The British heat wave seems to be over in the next seven days – and the rain could return to Manchester.
From today (Monday) until Wednesday, the current met-office forecast is expected to shower no more than 5 percent.
But overnight on Wednesday and Thursday mornings, the probability of rain increases by up to 15 percent, with the possibility of heavy rains all Thursday.
Rainfall on Friday and Saturday is about 10 percent, with much more cloud coverage than in recent days.
Next Sunday and Monday, the rain probability hovers again over 15 percent – especially overnight.
But the first accurate forecast for rain comes next Tuesday (July 17) with the Met Office predicting a likelihood of more than 20 percent of heavy rain in Greater Manchester throughout the day, especially from early morning until noon.
A Met Office Amber Health Alert for Heatwave conditions will remain in Greater Manchester until Monday morning. An amber warning is the second highest on the scale, with a red warning signal for the next level before this current warning.
But it looks like today is the last of the very hot and sunny days, as changes will start on Monday.
The prospects of Met Office for Monday through Friday in Manchester are more cloudy – but still with some sunny slogans.
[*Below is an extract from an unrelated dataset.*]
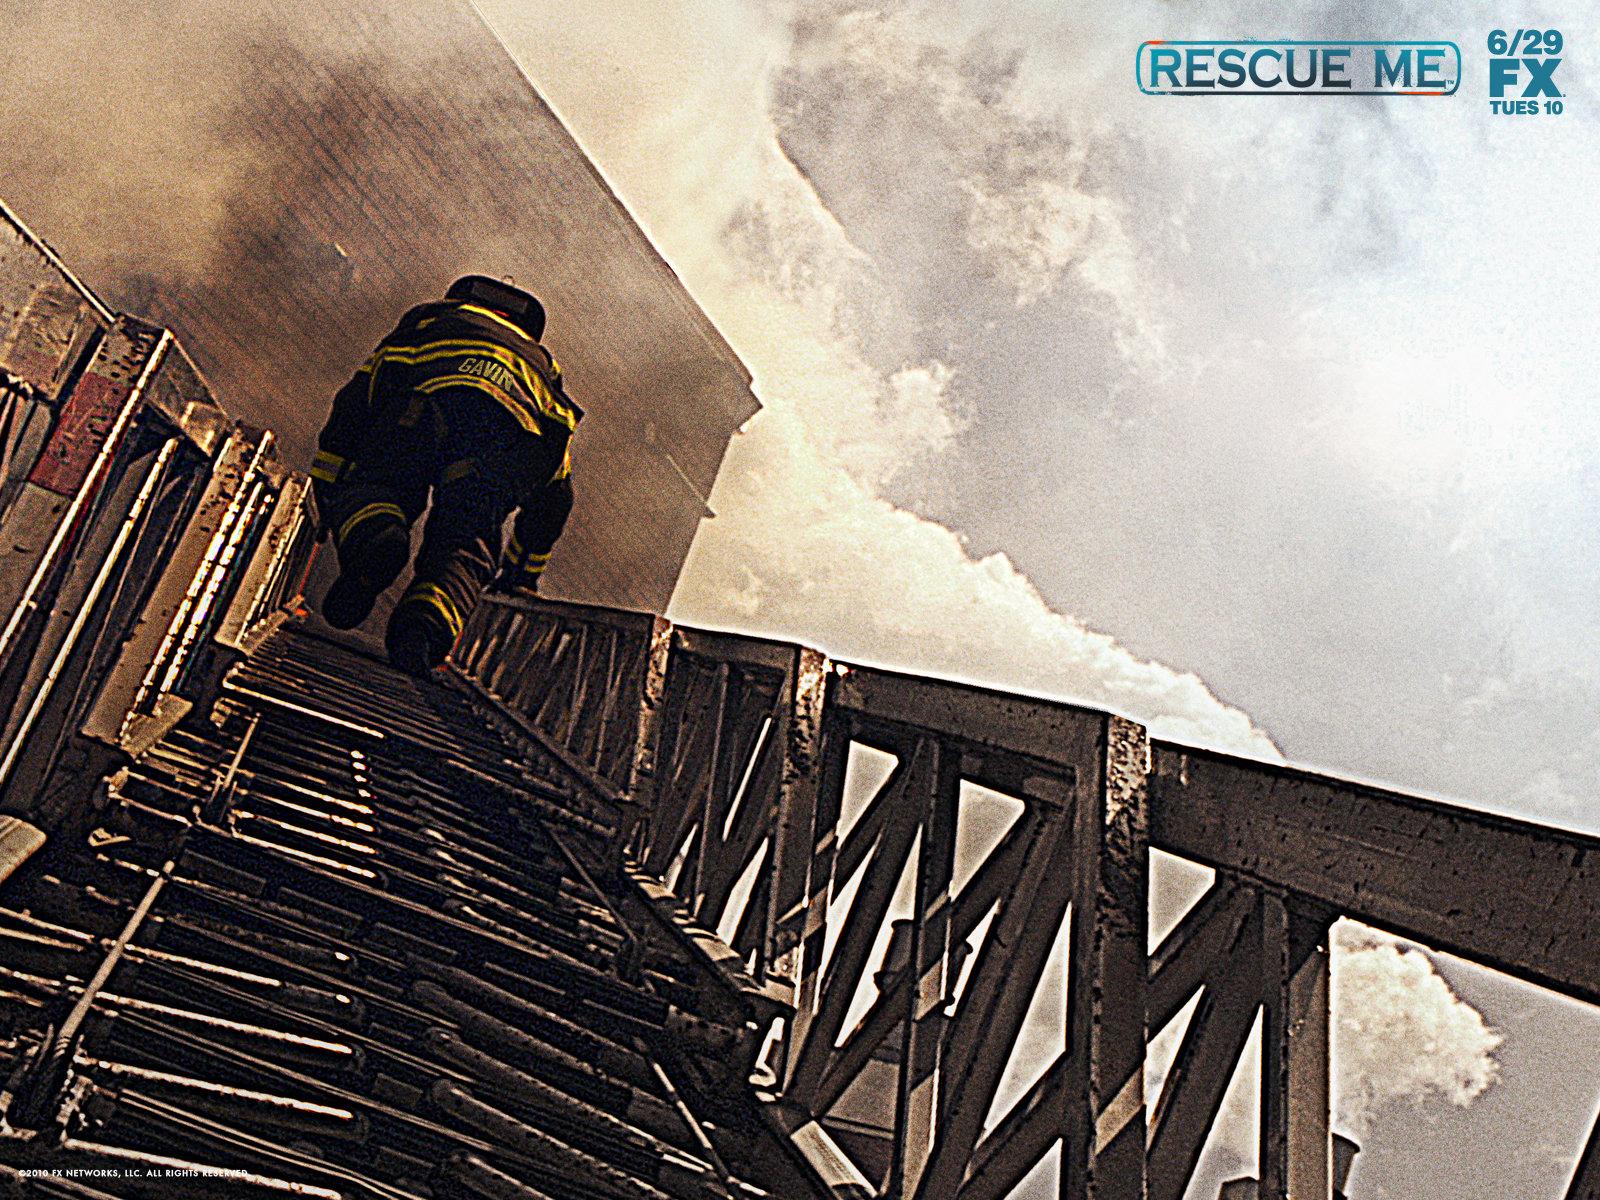 Rescue Me Wallpaper. Fire Rescue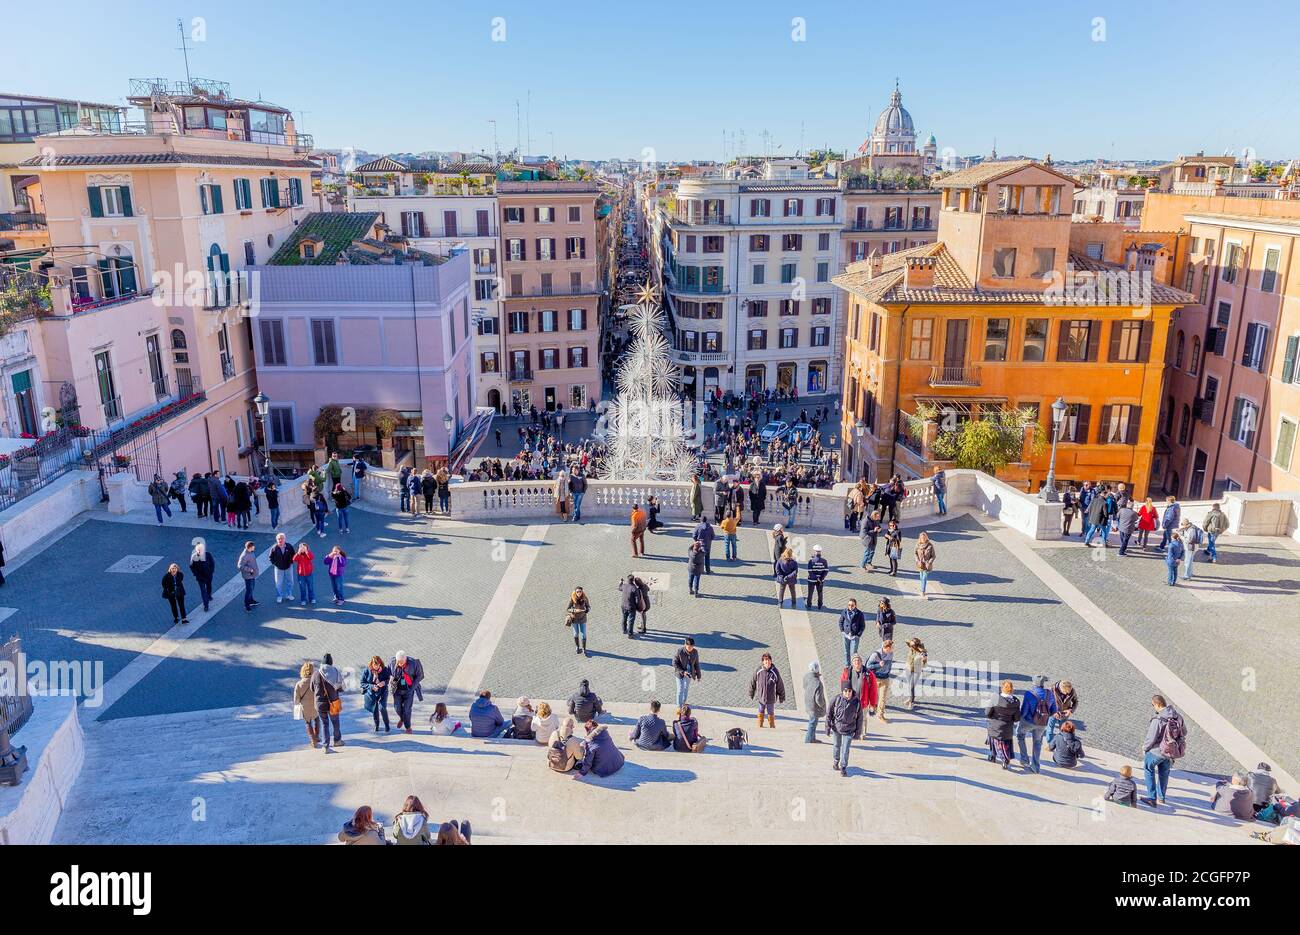 Piazza di Spagna, Rom, Italien. Piazza di Spagna, am Fuße der Spanischen Treppe, ist einer der berühmtesten Plätze in Rom. Stockfoto

Temperatures will also deteriorate from the record highs of 21 ° C to 24 ° C in recent weeks.
It will stay dry, although no rain is predicted for the foreseeable future – bad news for the crews dealing with the continuing moorland fires.
England saw its hottest day of the year so far, with a provisional temperature of 32.4C (90F) in Gosport, Hampshire, on Sunday, the Met Office said.
Monday seems to be the 16th consecutive day, with temperatures above 28 ° C (82 ° F). This makes the heat day the longest period that the United Kingdom has experienced since 2013, when 19 consecutive days exceeded 28 ° C.
But a cool frontline heading south from Scotland will see temperatures drop across much of England from Tuesday to mid-20, said Met meteorologist Becky Mitchell.
It is particularly cool on the east coast with temperatures between 20 and 20 years.
After one of the driest junes in history, there's a chance for a few showers across England this week, Ms. Mitchell said.
Water companies have been calling on people to use water sparingly to avoid a potential ban on hose lines as they pump billions of extra liters to meet strong demand.
United Utilities – which serves the northwest – said it needed urgent help and support to stop the entry into force of a ban.
Meanwhile, a hose ban is in its second week in Northern Ireland and another was introduced on Friday across Ireland.
Ms. Mitchell said, "The weather front, which stretches across parts of the Northwest, is slowly sinking south as the day (Sunday) continues.
"The temperatures will cool down a bit and we will see fresh conditions.
"It will still be very warm, less hot than recently, with the risk of showers across the country.
"A little bit of rain might be welcome for some people, especially in the south."
For much of England and Wales, last month was one of the five driest junes in history.
In some parts of south-east England and south of central England, according to preliminary data from Met Office, only 6% of expected precipitation was recorded.